__Dataset content__
———

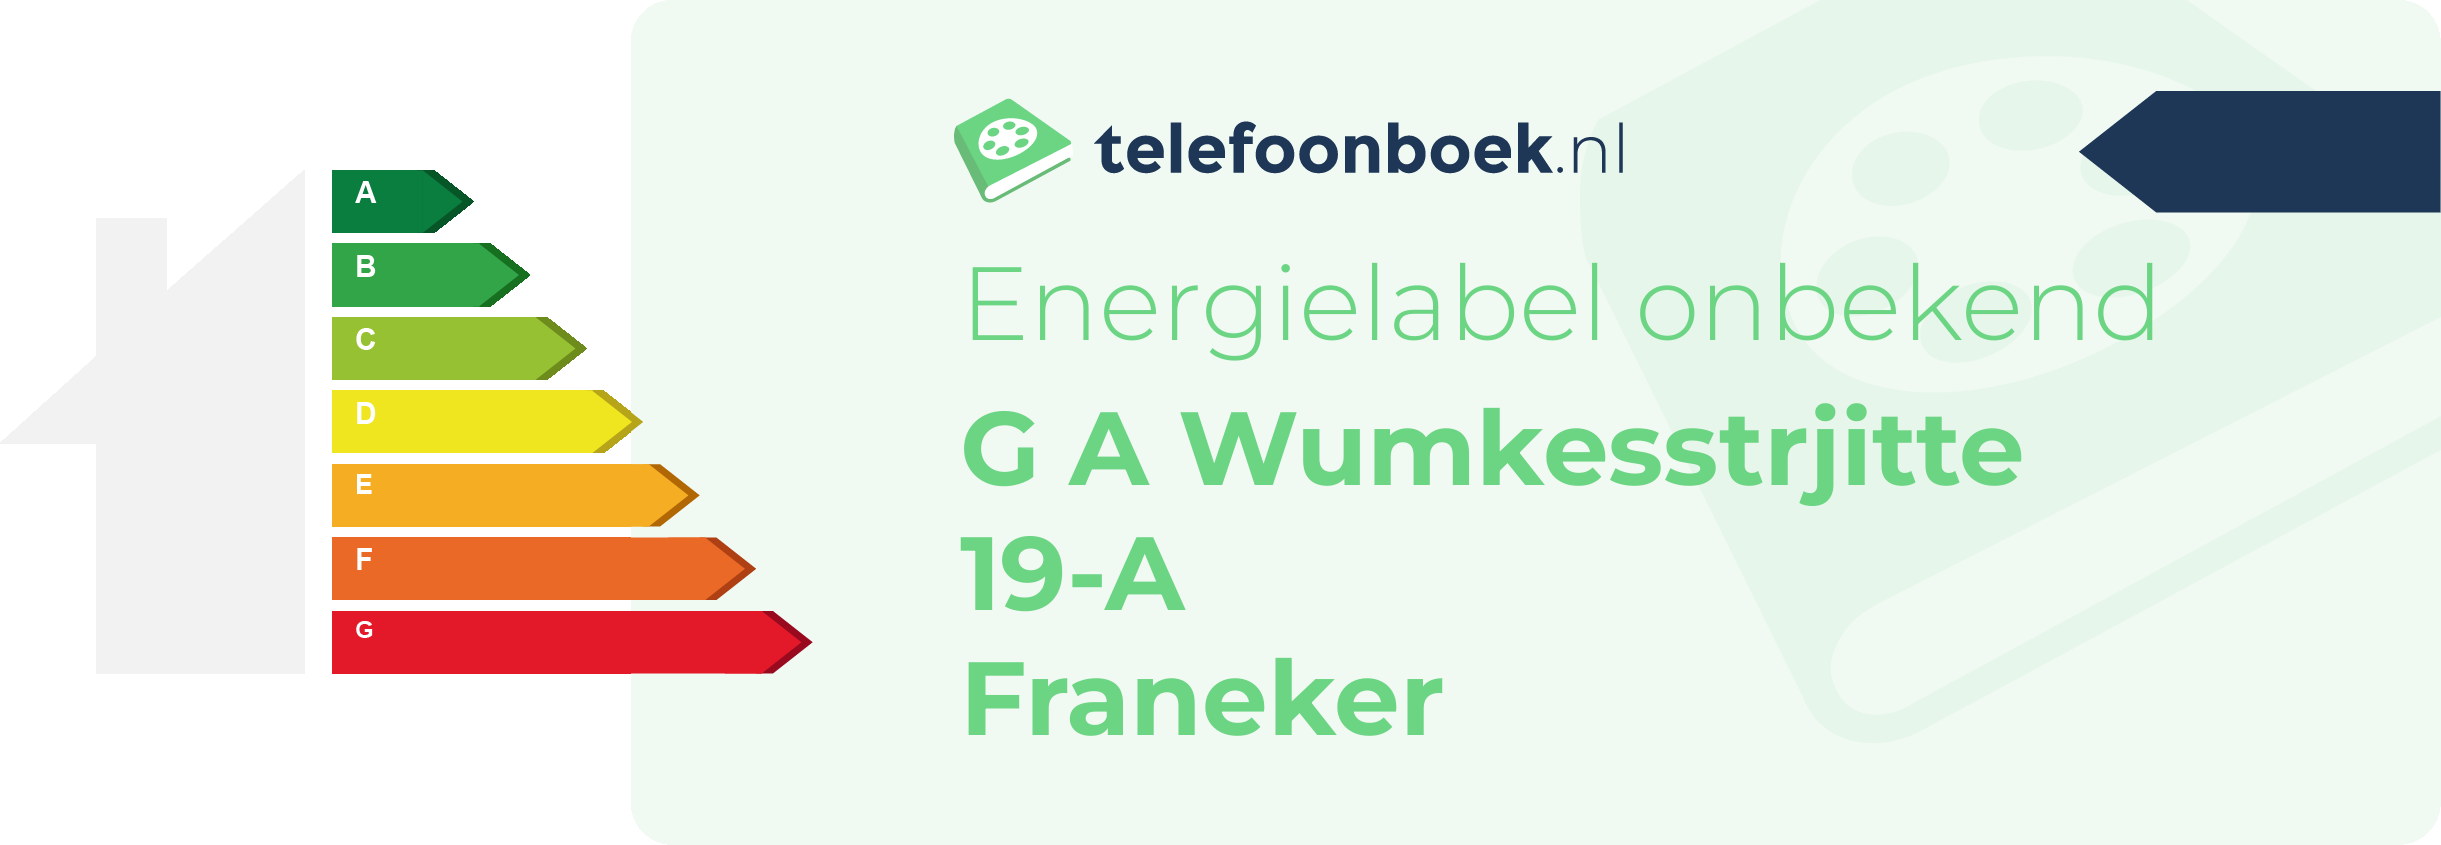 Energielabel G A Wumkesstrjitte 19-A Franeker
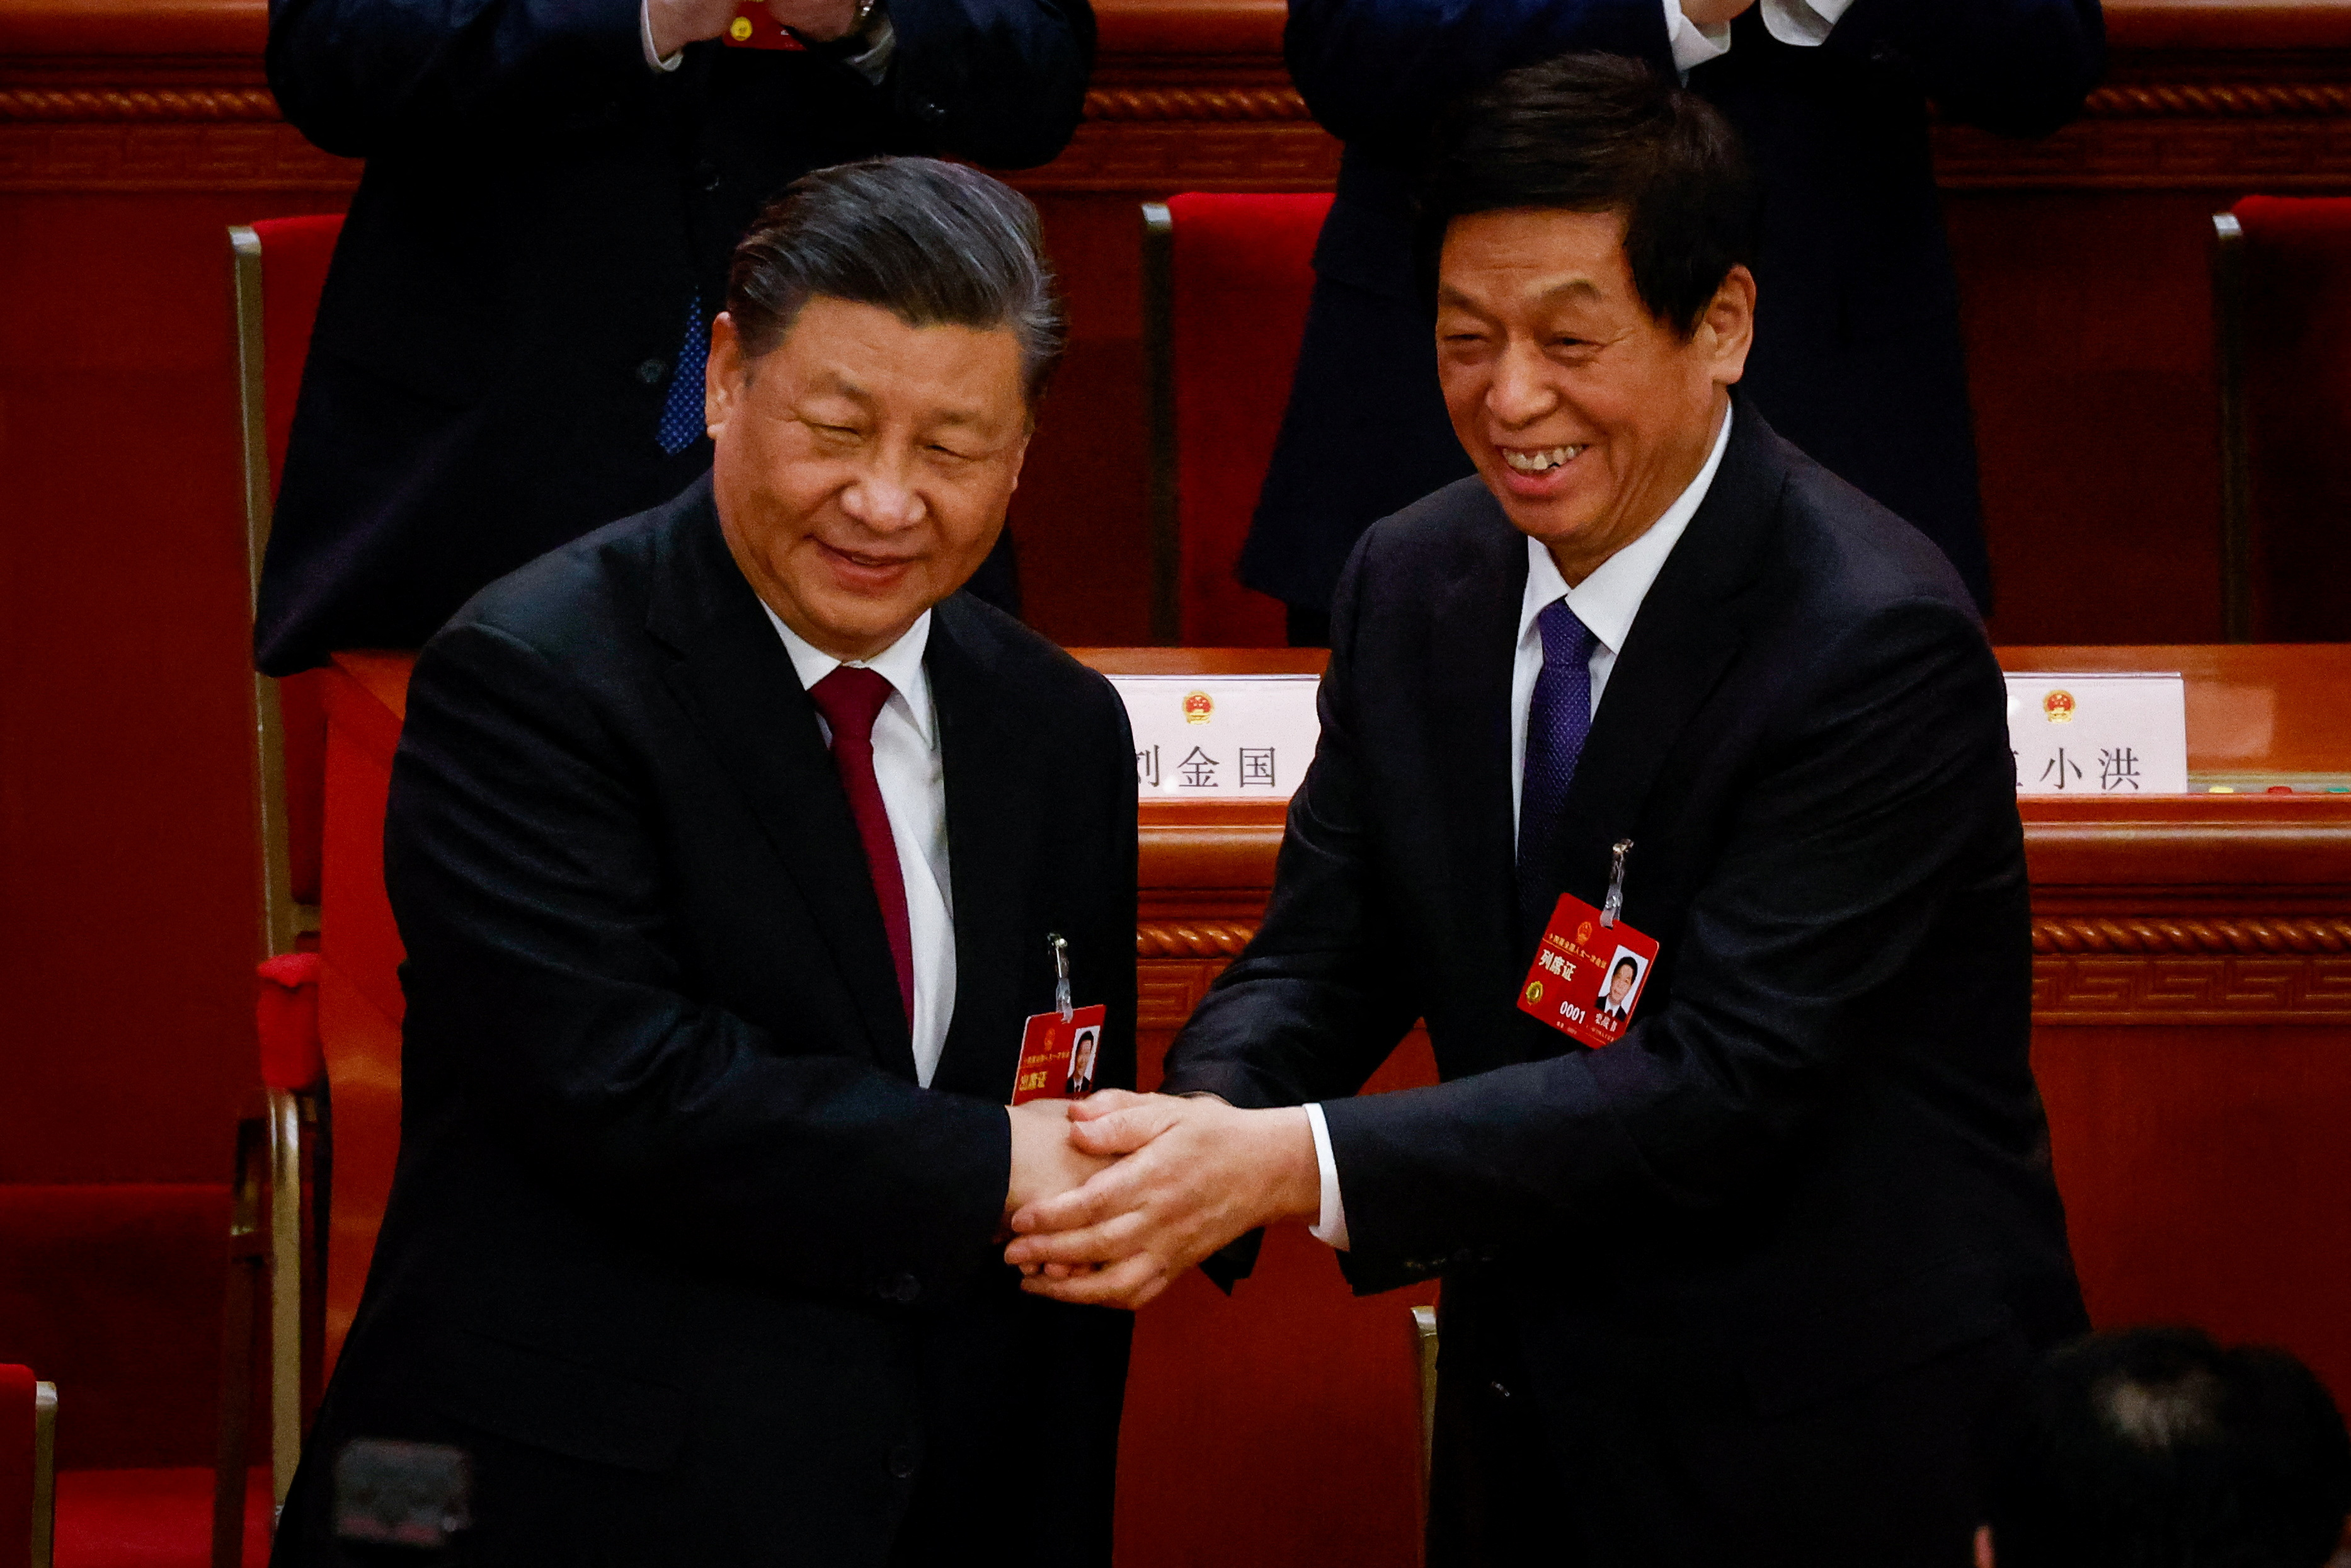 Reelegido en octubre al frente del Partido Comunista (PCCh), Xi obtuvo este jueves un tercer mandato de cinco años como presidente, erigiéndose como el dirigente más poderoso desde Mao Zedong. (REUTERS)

———

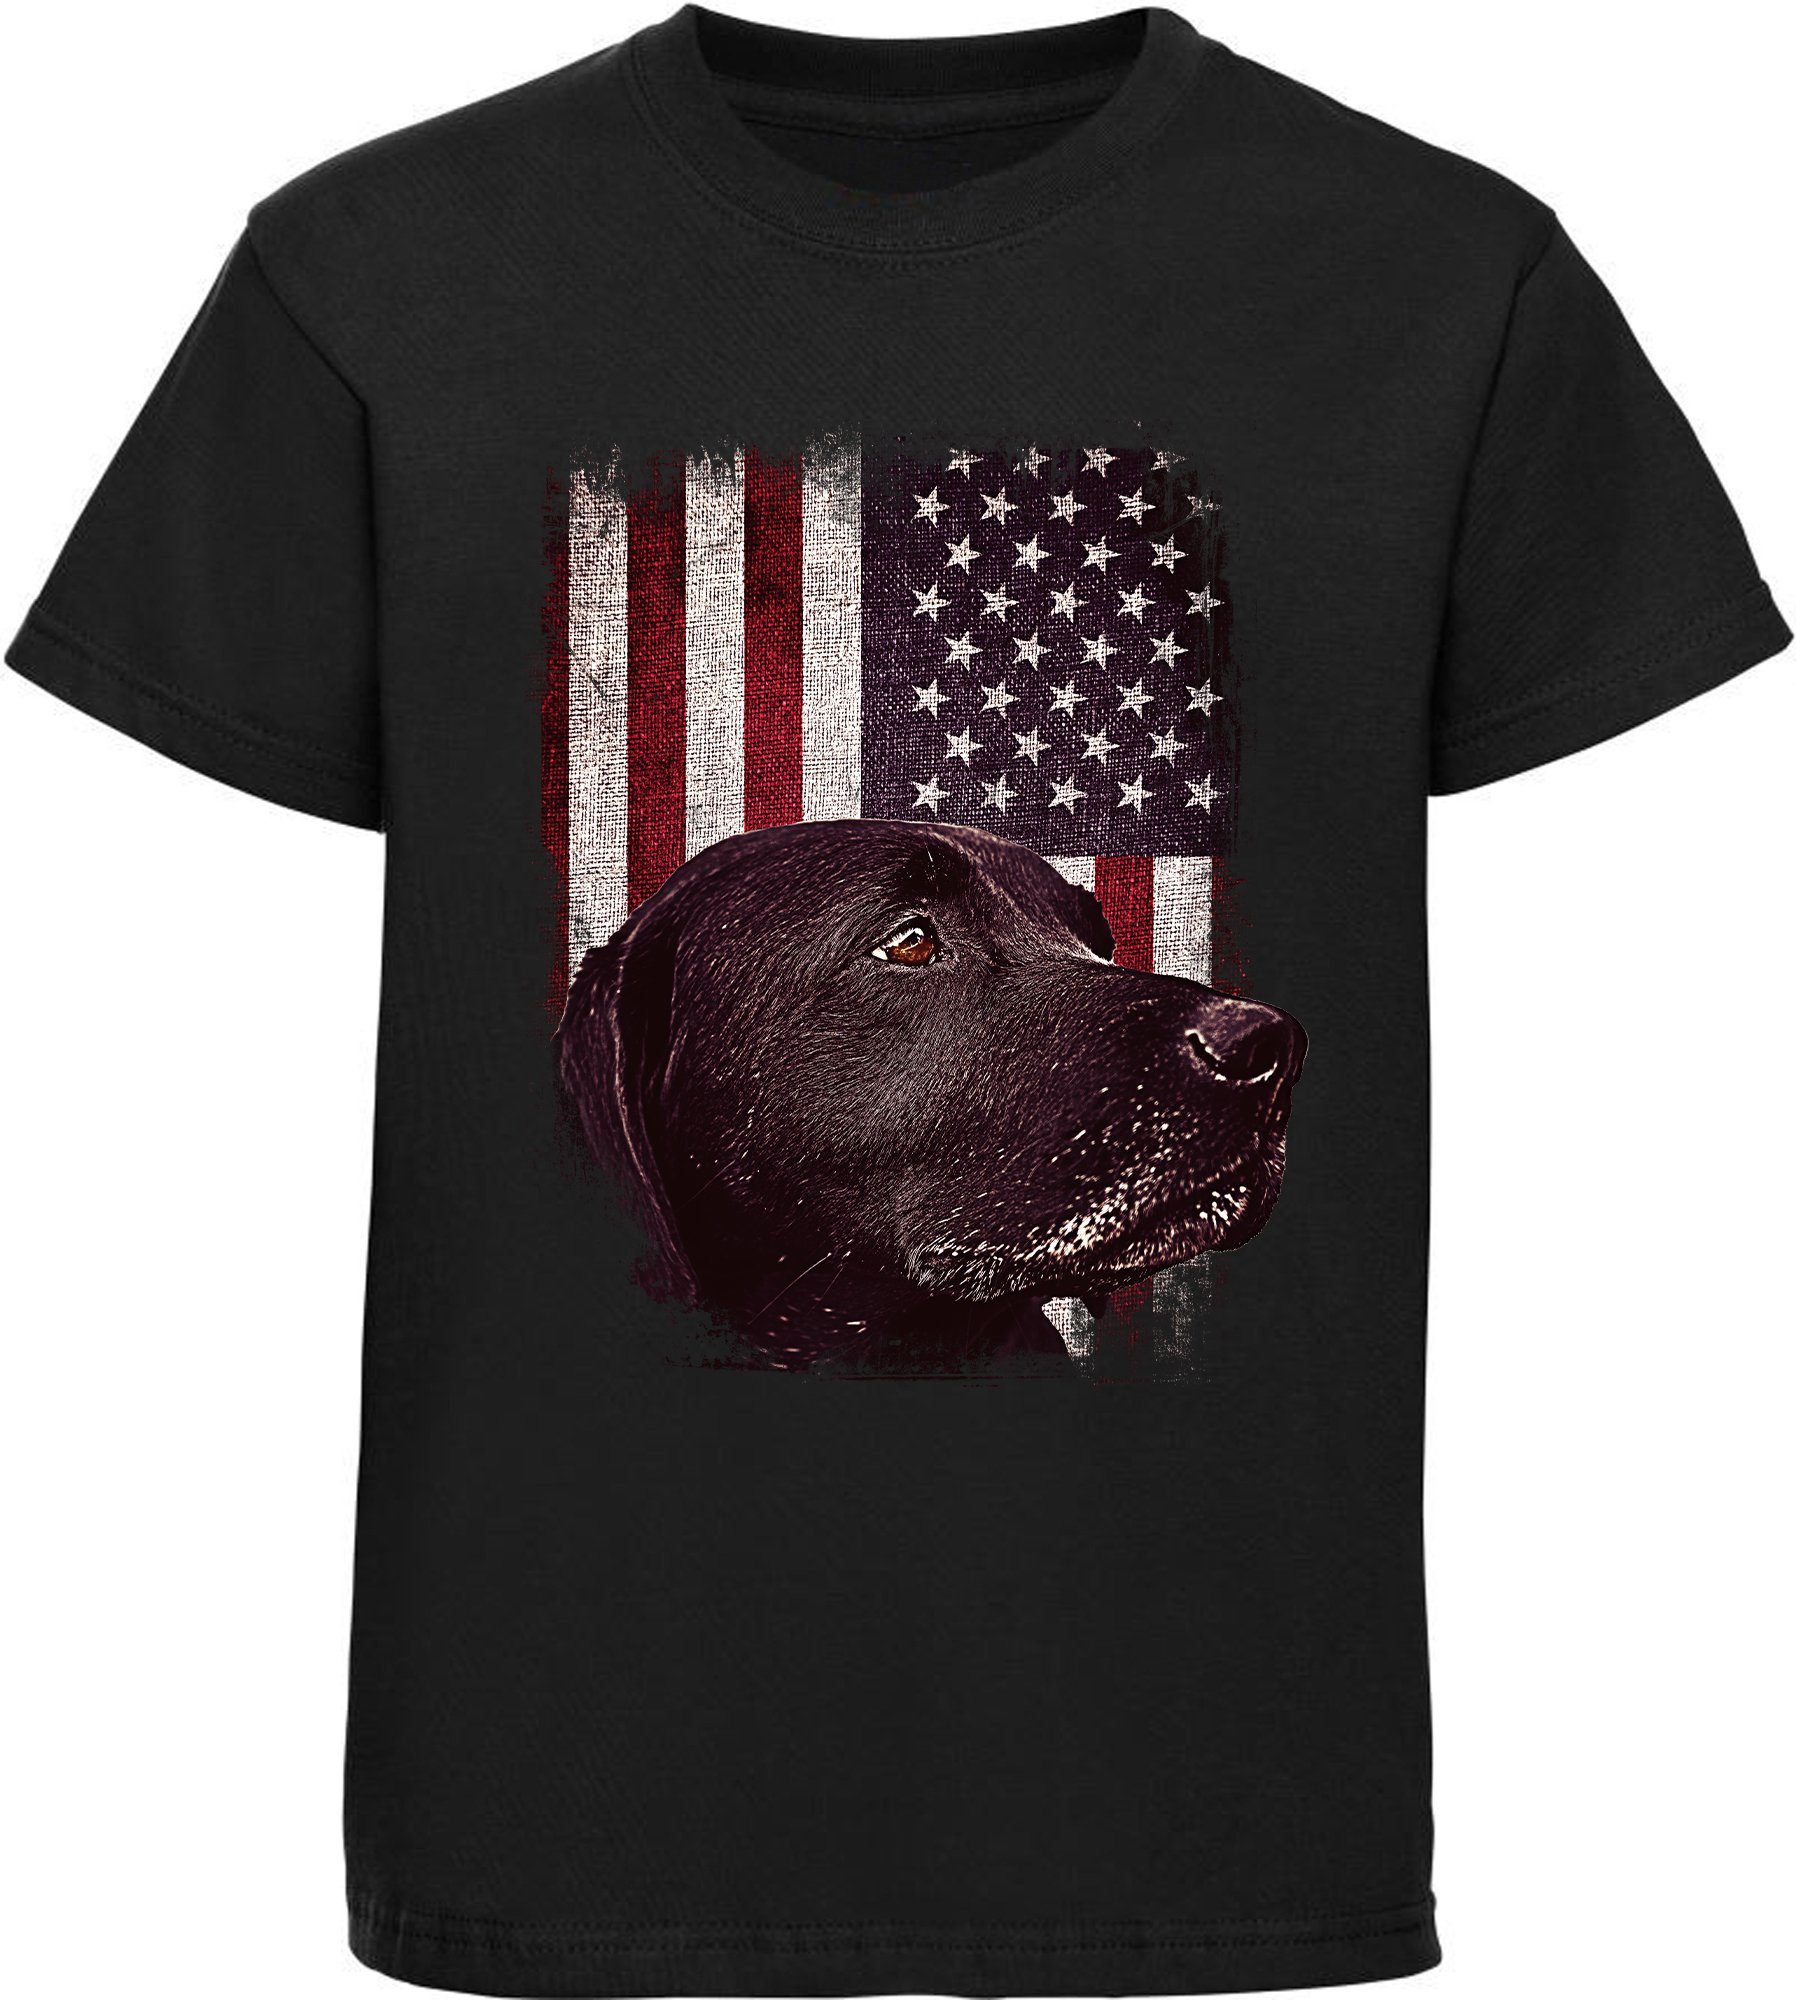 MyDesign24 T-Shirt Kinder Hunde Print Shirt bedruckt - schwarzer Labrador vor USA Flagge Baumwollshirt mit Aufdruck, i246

———

__About this exercise__
Reproduce exactly the lines above starting at the line containing "Energielabel G A" and ending at the line containing "Reelegido en octubre", including both, but not the pictures.

__Task answer__
 Energielabel G A Wumkesstrjitte 19-A Franeker
 Reelegido en octubre al frente del Partido Comunista (PCCh), Xi obtuvo este jueves un tercer mandato de cinco años como presidente, erigiéndose como el dirigente más poderoso desde Mao Zedong. (REUTERS)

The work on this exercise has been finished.